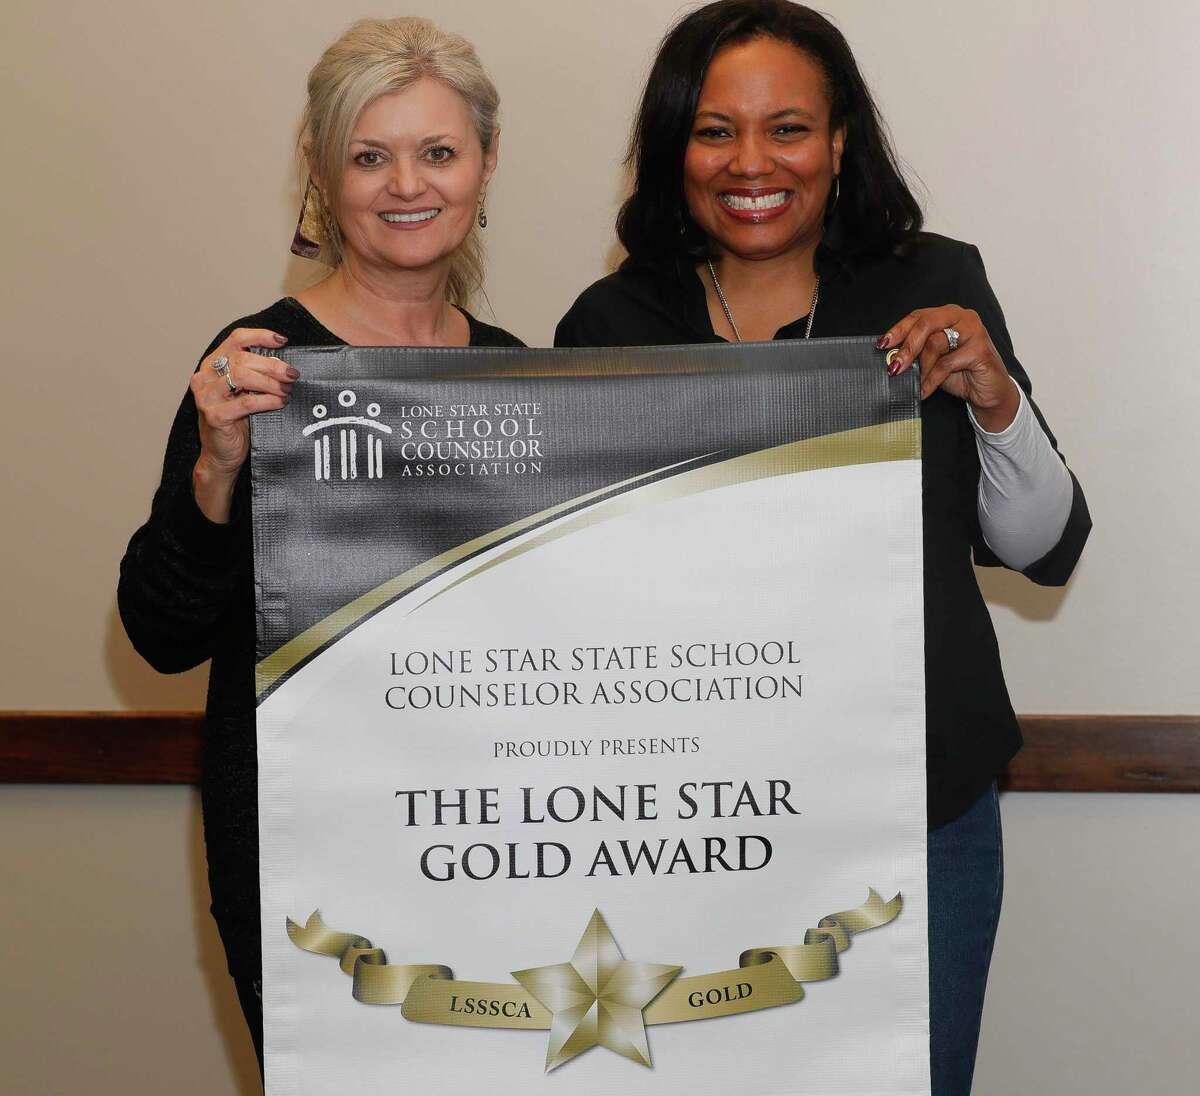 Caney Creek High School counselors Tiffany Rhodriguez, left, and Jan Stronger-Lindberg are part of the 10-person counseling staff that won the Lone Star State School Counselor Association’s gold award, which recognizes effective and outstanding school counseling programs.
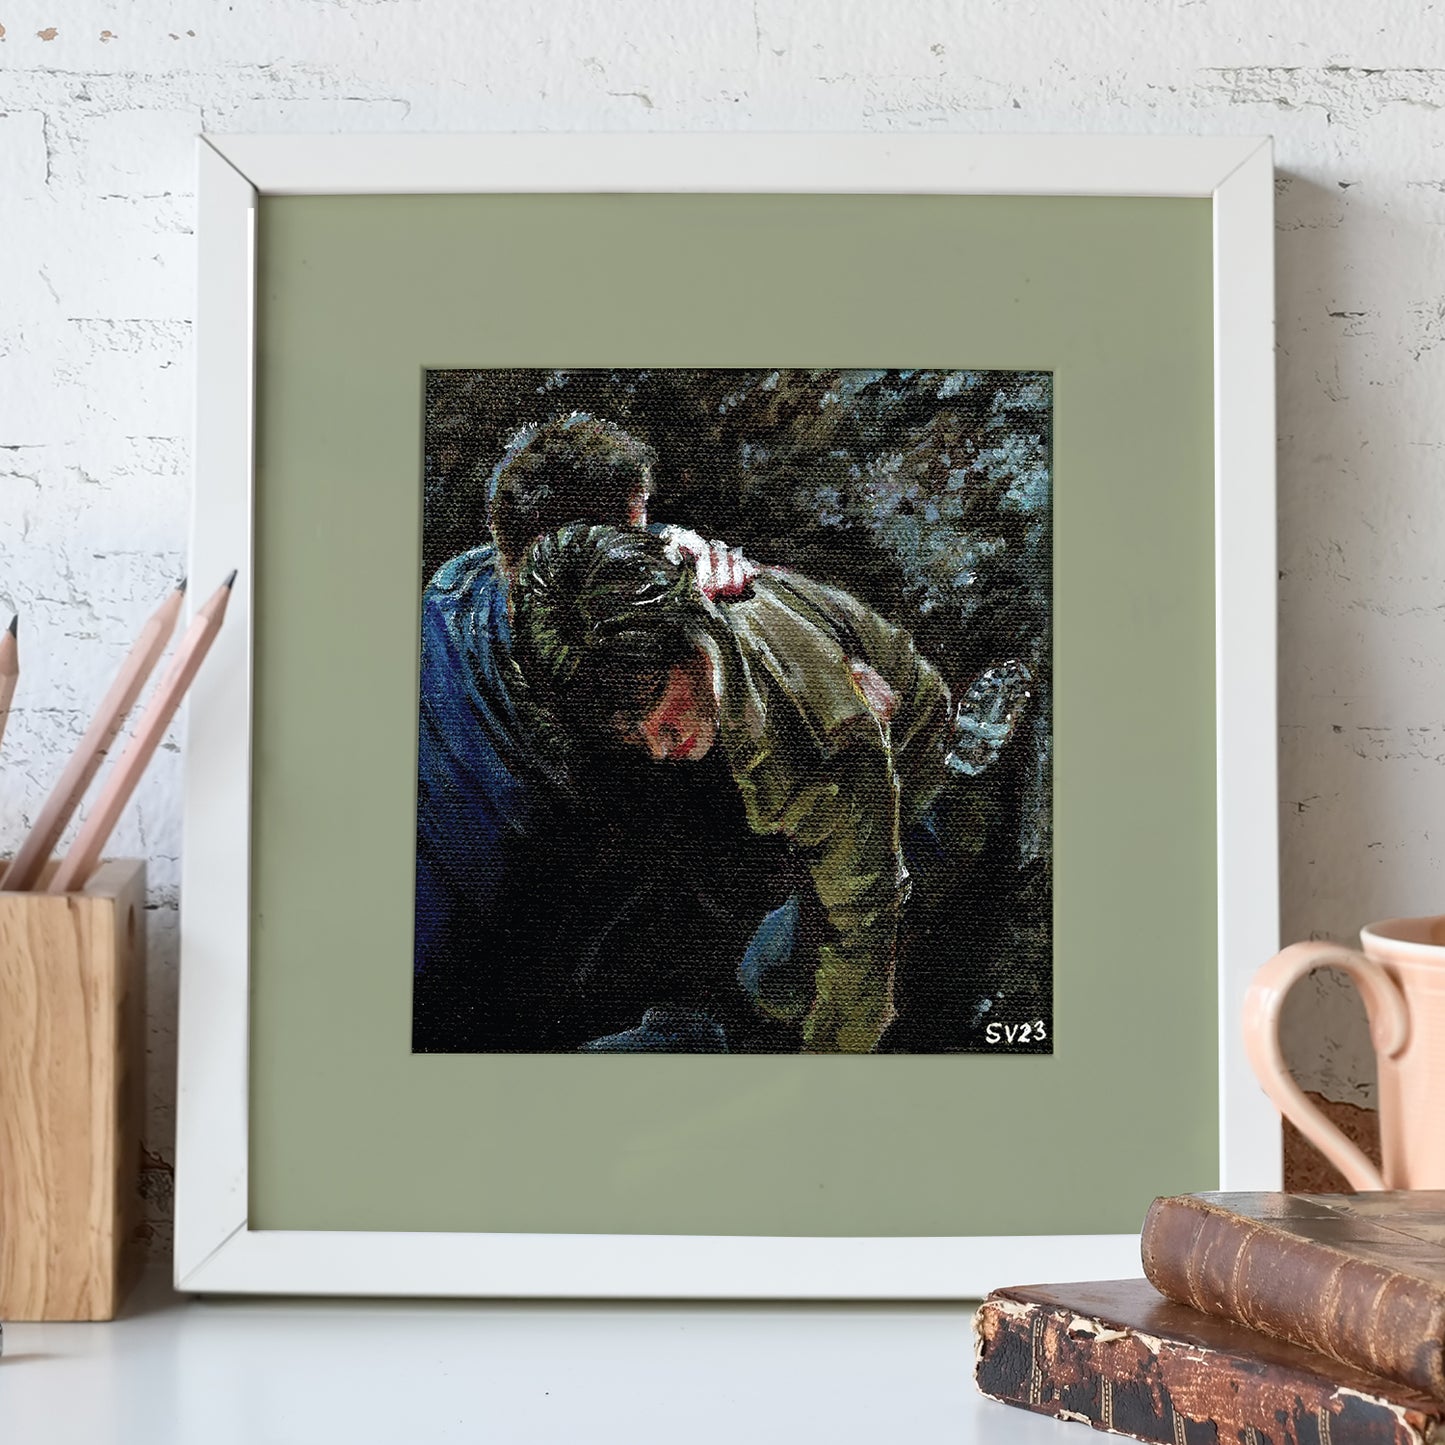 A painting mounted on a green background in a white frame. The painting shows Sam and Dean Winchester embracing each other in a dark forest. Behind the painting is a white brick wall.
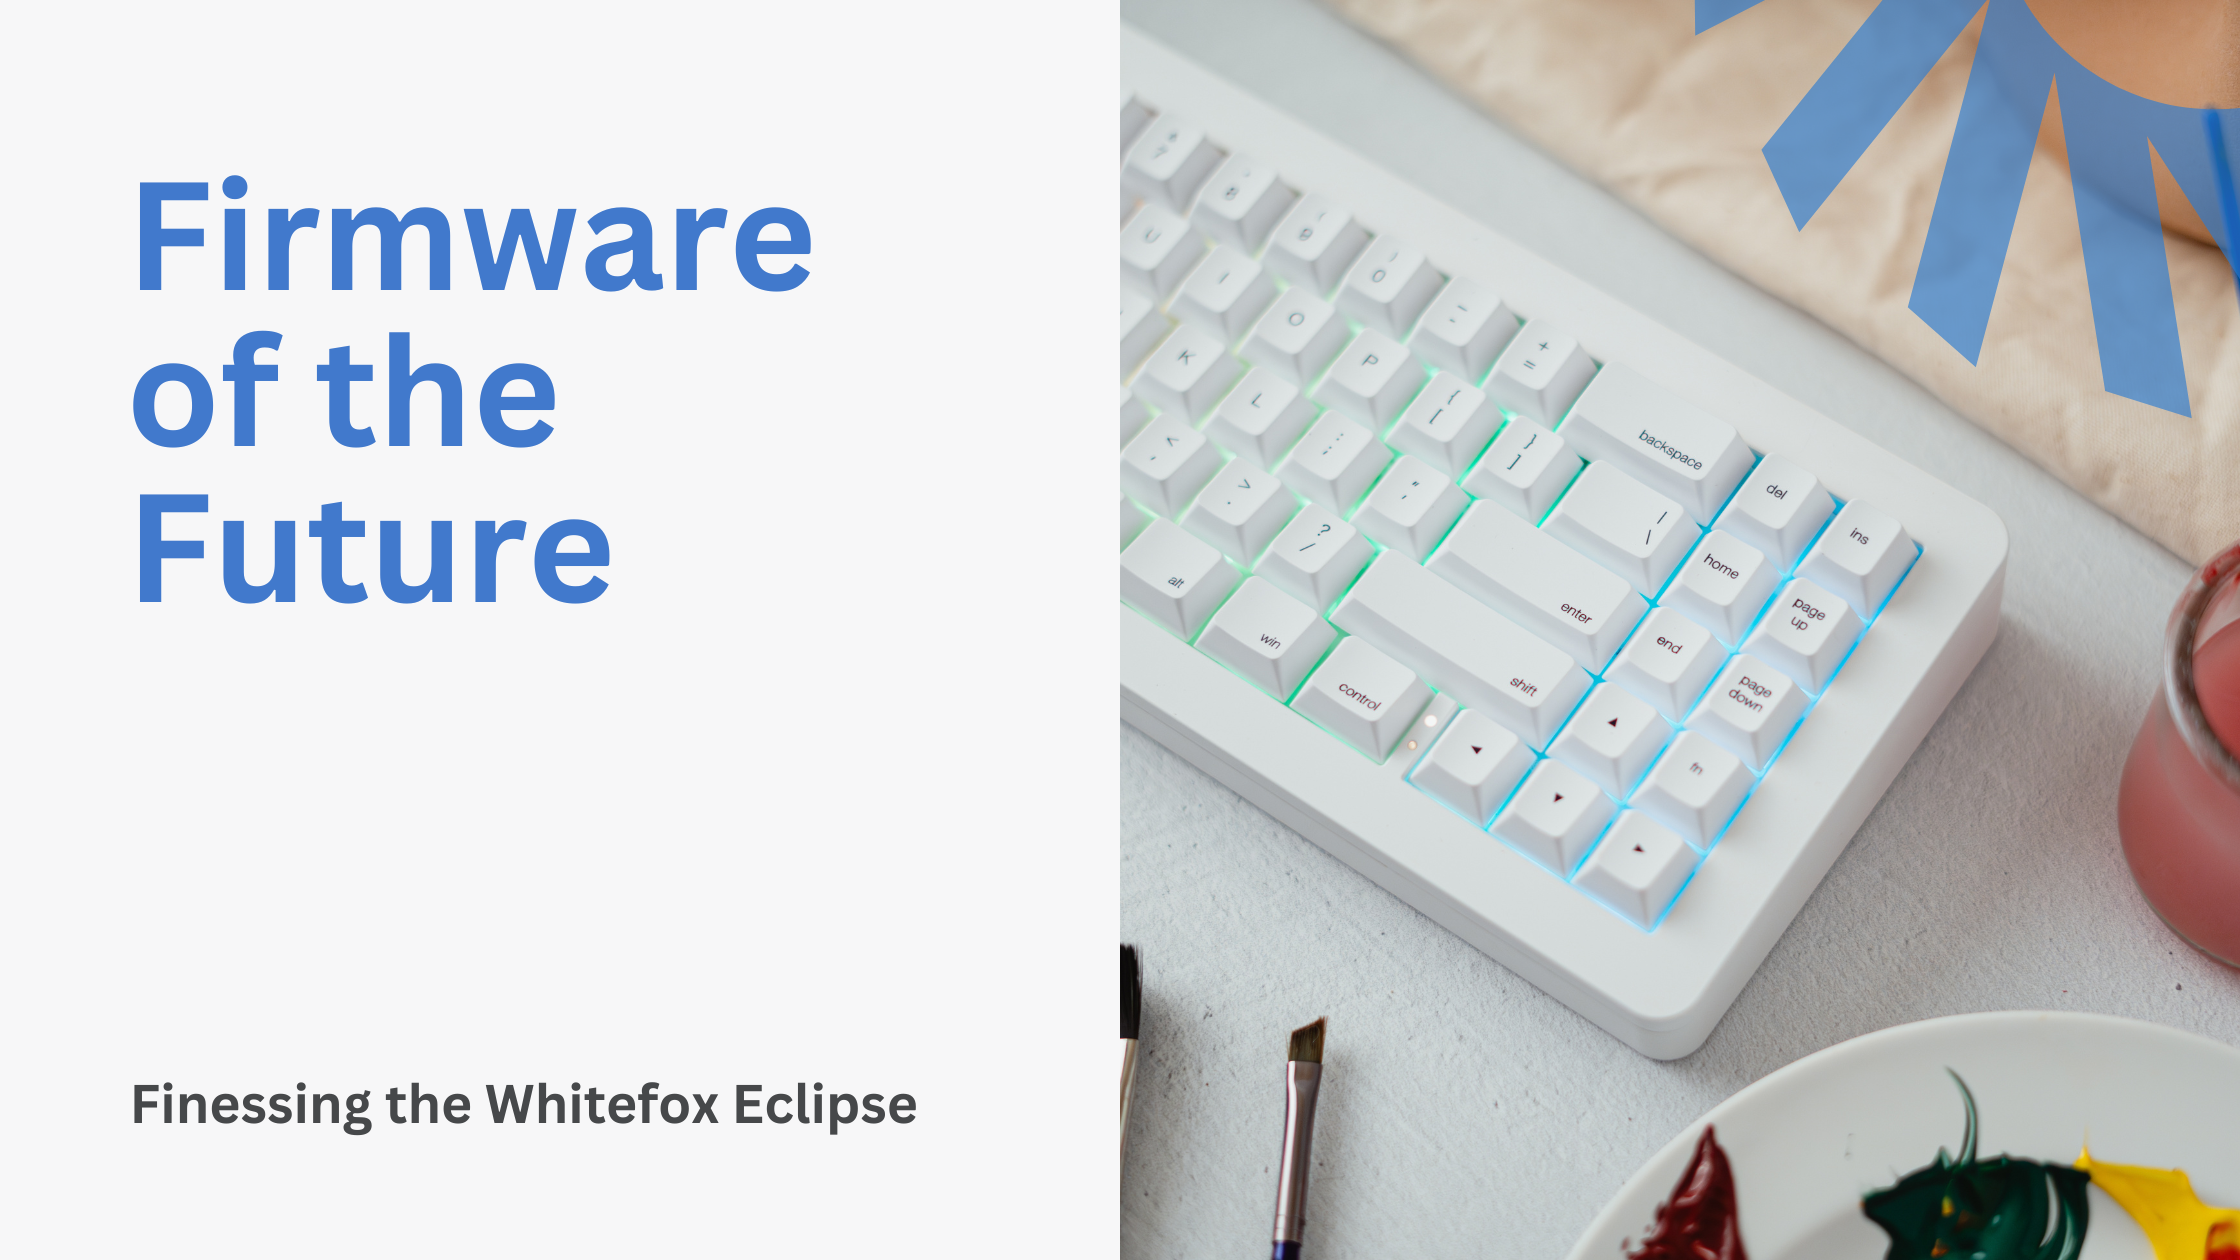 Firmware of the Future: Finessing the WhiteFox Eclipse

> [Problem description]:
Could you write out exactly the lines from the line containing "A painting mounted" to the end of the material, and nothing else? No pictures belong in the copy.

> [Your response]:
 A painting mounted on a green background in a white frame. The painting shows Sam and Dean Winchester embracing each other in a dark forest. Behind the painting is a white brick wall.
 Firmware of the Future: Finessing the WhiteFox Eclipse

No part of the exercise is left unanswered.